A 0.5 kg block moving at a speed of 12 ms⁻¹ compresses a spring through a distance of 30 cm when its speed is halved, the spring constant of the spring will be ________ Nm⁻¹.

CONCEPT:

• According to the law of conservation of energy, the loss of kinetic energy is equal to the gain in potential energy and it is written as;

           Loss of kinetic energy = gain in potential energy.

• Kinetic energy is defined as energy possessed by the body due to the motion and it is written as;

           K.E. = \(\frac{1}{2}mv^2\)

          here we have m as the mass of the body, and v is the velocity.
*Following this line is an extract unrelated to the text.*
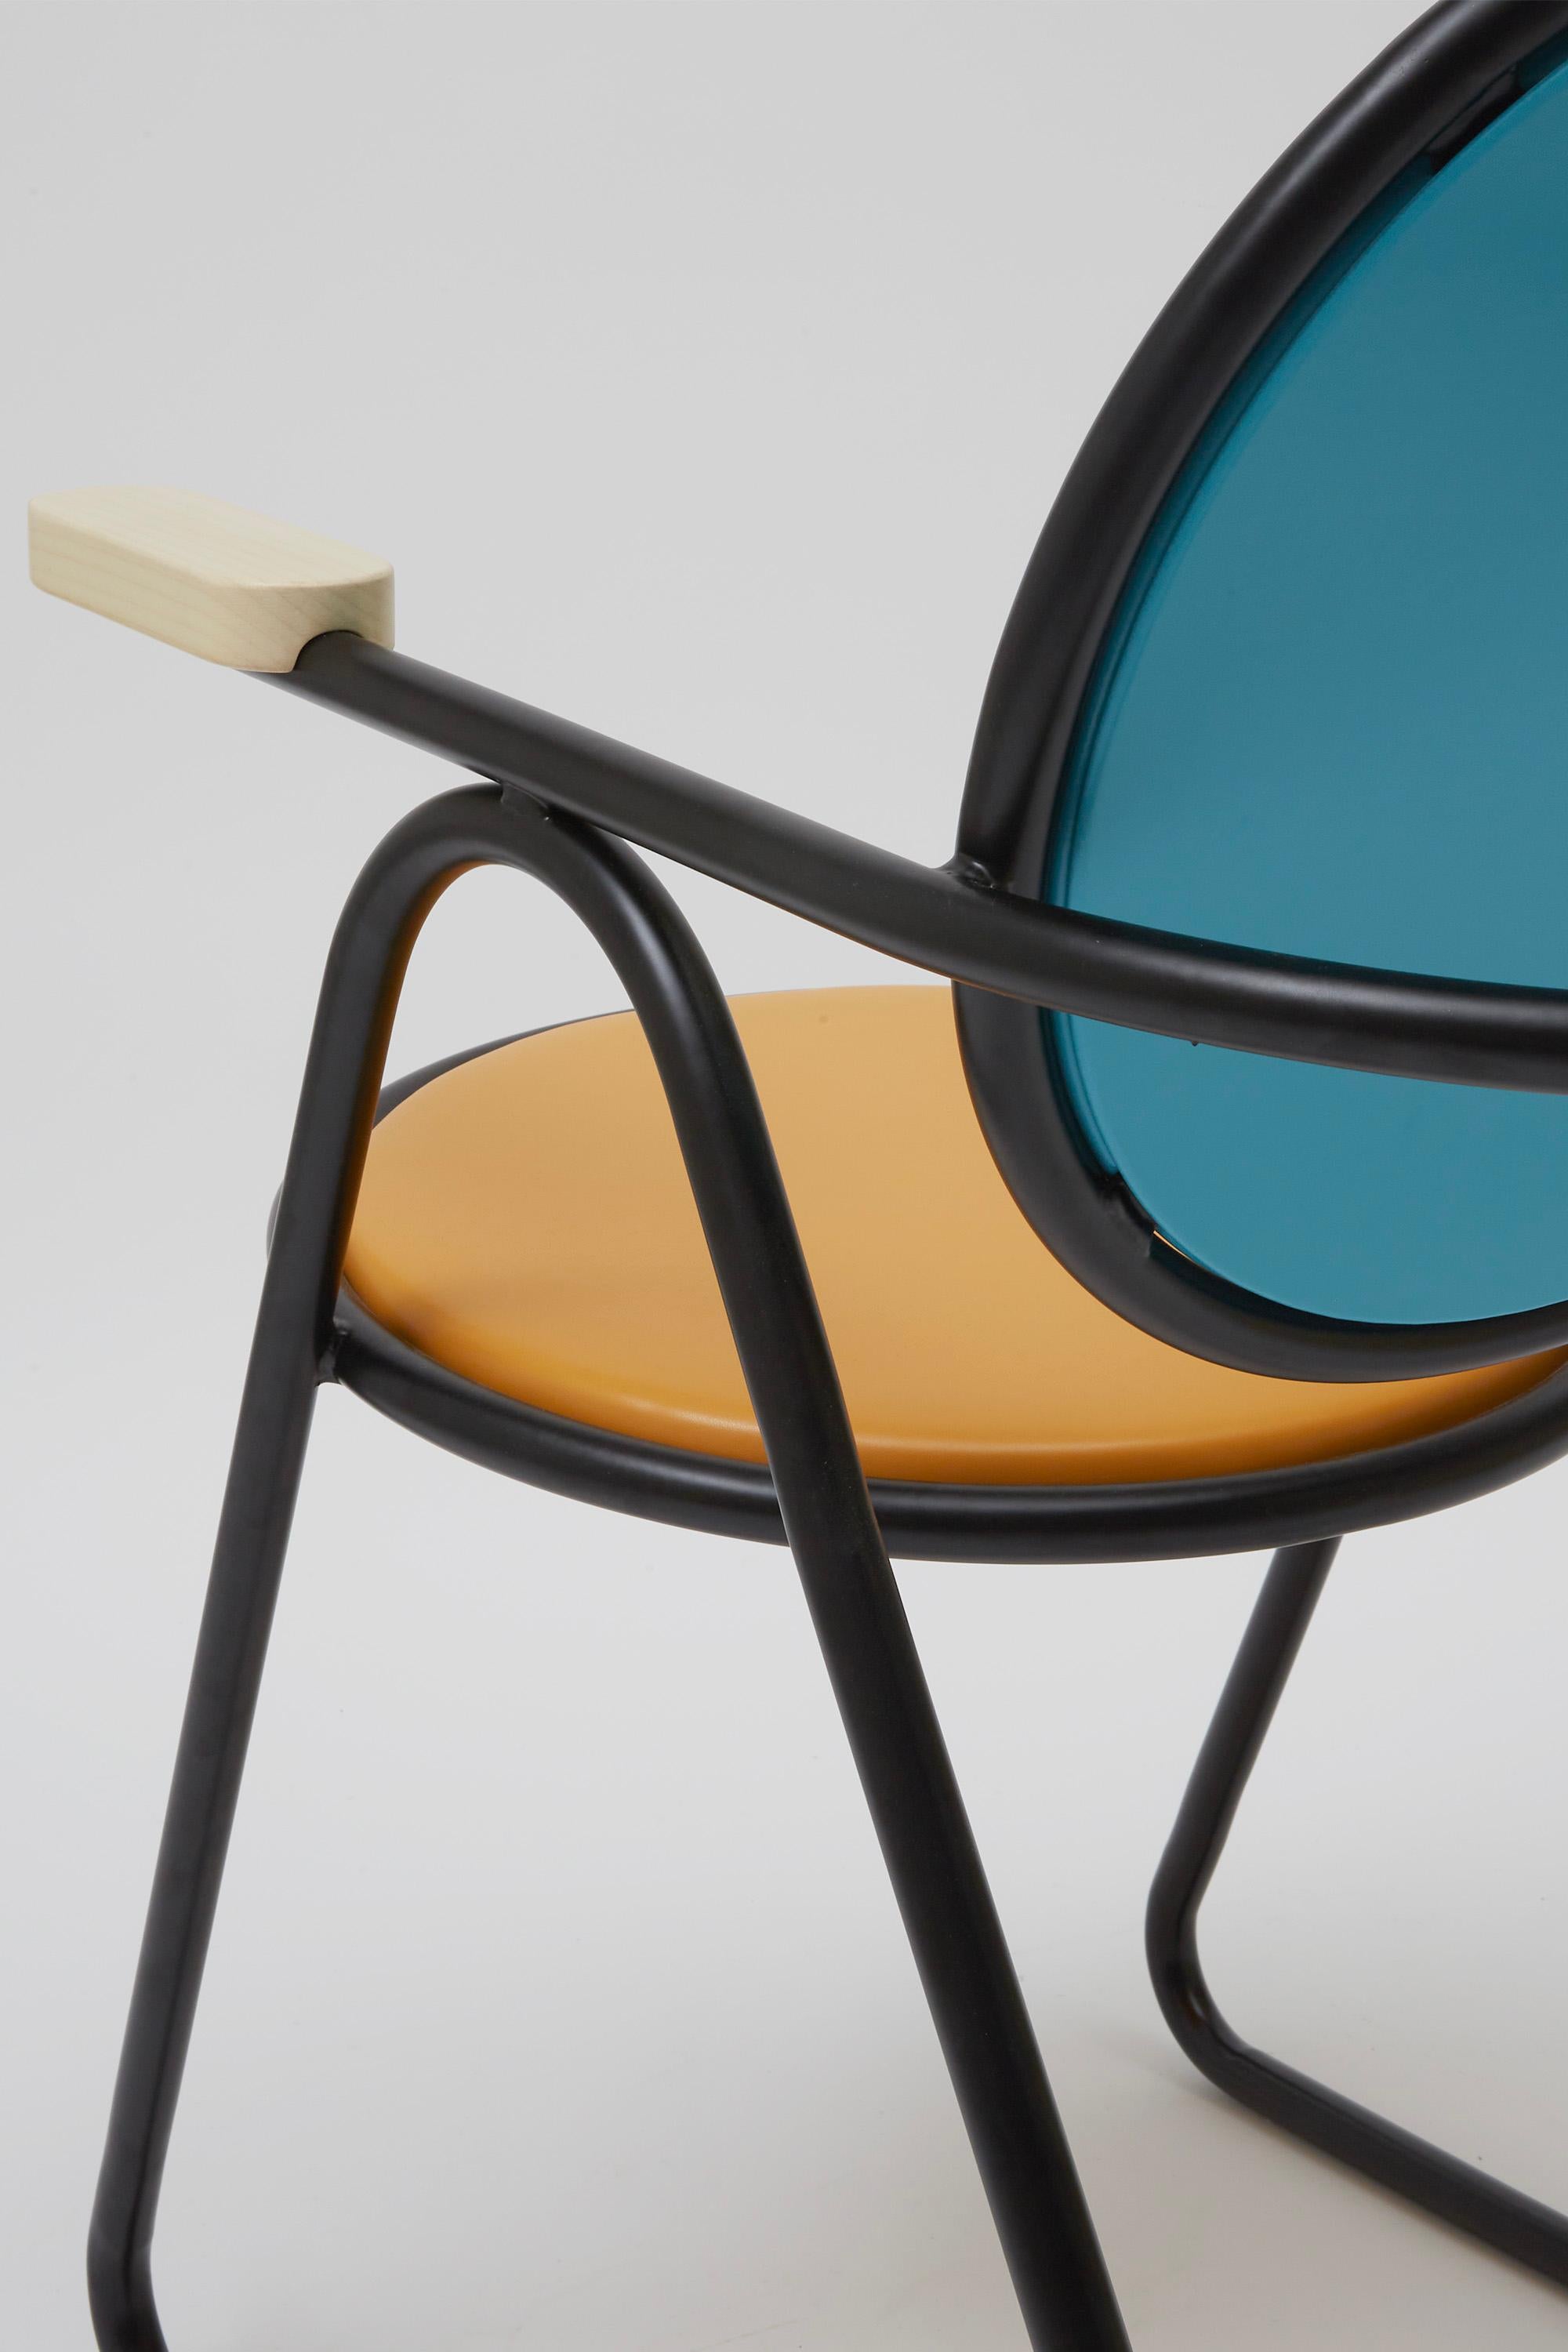 U-Disk Easy Chair, Black, Orange & Light Blue For Sale 2

• The potential energy of the body is written as;

           P.E. = \(\frac{1}{2}kx^2\)

          here we have k as the spring constant and x as the distance.

CALCULATION:

Given: mass, m = 0.5 kg, x = 30 cm = 0.3 m,  v = 12 m/s

According to the conservation of energy we have;

Loss of kinetic energy = gain in potential energy

Here let us suppose the initial velocity of the block v m/s  and when it is compressed its velocity is halved which is v/2, therefore,

loss of kinetic energy, K.E. = \(\frac{1}{2} mv^2 \) -  \(\frac{1}{2}m(\frac{v}{2})^2\)

Now, 

 \(\frac{1}{2} mv^2 \) - \(\frac{1}{2}m(\frac{v}{2})^2\) = \(\frac{1}{2}kx^2\)

⇒  \(\frac{1}{2} mv^2 \) - \(\frac{1}{2}m(\frac{v^2}{4})\) = \(\frac{1}{2}kx^2\)

⇒ \(\frac{3mv^2}{8} = \frac{1}{2}kx^2\)

⇒ k = \(\frac{3mv^2}{4x^2}\)

Now, on putting the given values we have;

k = \(\frac{3\times0.5 \times 12^2}{4 \times 0.3^2}\)

⇒k = 600 N/m

Hence spring constant k = 600 N/m.